Exercise: Transcribe the records in full, keeping every word exactly as given.

Recorded information:
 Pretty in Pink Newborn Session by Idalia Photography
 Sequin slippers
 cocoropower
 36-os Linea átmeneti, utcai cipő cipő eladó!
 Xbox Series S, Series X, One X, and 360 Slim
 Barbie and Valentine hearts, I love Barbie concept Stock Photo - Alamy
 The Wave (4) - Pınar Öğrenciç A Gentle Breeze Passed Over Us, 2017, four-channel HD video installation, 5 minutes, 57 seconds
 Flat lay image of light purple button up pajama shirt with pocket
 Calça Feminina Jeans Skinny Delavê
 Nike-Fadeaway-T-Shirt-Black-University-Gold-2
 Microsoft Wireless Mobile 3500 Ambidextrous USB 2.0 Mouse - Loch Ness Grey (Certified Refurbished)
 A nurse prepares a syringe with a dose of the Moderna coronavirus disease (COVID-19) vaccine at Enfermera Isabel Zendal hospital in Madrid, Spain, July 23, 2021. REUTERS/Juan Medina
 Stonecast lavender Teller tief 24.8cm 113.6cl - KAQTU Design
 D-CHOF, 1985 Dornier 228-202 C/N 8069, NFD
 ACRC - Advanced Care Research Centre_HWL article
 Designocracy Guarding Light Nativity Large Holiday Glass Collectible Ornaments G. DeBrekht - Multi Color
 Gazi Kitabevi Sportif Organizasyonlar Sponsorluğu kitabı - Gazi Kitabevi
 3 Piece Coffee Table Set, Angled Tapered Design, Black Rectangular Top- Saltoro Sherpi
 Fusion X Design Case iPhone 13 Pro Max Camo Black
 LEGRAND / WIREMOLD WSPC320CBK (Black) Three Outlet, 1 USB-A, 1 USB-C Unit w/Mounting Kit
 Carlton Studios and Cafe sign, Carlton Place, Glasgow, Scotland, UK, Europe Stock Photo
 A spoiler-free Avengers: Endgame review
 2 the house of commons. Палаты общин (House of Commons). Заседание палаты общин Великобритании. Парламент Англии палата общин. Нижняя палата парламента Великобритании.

Exercise solution:
 Pretty in Pink Newborn Session by Idalia Photography
 Sequin slippers
 cocoropower
 36-os Linea átmeneti, utcai cipő cipő eladó!
 Xbox Series S, Series X, One X, and 360 Slim
 Barbie and Valentine hearts, I love Barbie concept Stock Photo - Alamy
 The Wave (4) - Pınar Öğrenciç A Gentle Breeze Passed Over Us, 2017, four-channel HD video installation, 5 minutes, 57 seconds
 Flat lay image of light purple button up pajama shirt with pocket
 Calça Feminina Jeans Skinny Delavê
 Nike-Fadeaway-T-Shirt-Black-University-Gold-2
 Microsoft Wireless Mobile 3500 Ambidextrous USB 2.0 Mouse - Loch Ness Grey (Certified Refurbished)
 A nurse prepares a syringe with a dose of the Moderna coronavirus disease (COVID-19) vaccine at Enfermera Isabel Zendal hospital in Madrid, Spain, July 23, 2021. REUTERS/Juan Medina
 Stonecast lavender Teller tief 24.8cm 113.6cl - KAQTU Design
 D-CHOF, 1985 Dornier 228-202 C/N 8069, NFD
 ACRC - Advanced Care Research Centre_HWL article
 Designocracy Guarding Light Nativity Large Holiday Glass Collectible Ornaments G. DeBrekht - Multi Color
 Gazi Kitabevi Sportif Organizasyonlar Sponsorluğu kitabı - Gazi Kitabevi
 3 Piece Coffee Table Set, Angled Tapered Design, Black Rectangular Top- Saltoro Sherpi
 Fusion X Design Case iPhone 13 Pro Max Camo Black
 LEGRAND / WIREMOLD WSPC320CBK (Black) Three Outlet, 1 USB-A, 1 USB-C Unit w/Mounting Kit
 Carlton Studios and Cafe sign, Carlton Place, Glasgow, Scotland, UK, Europe Stock Photo
 A spoiler-free Avengers: Endgame review
 2 the house of commons. Палаты общин (House of Commons). Заседание палаты общин Великобритании. Парламент Англии палата общин. Нижняя палата парламента Великобритании.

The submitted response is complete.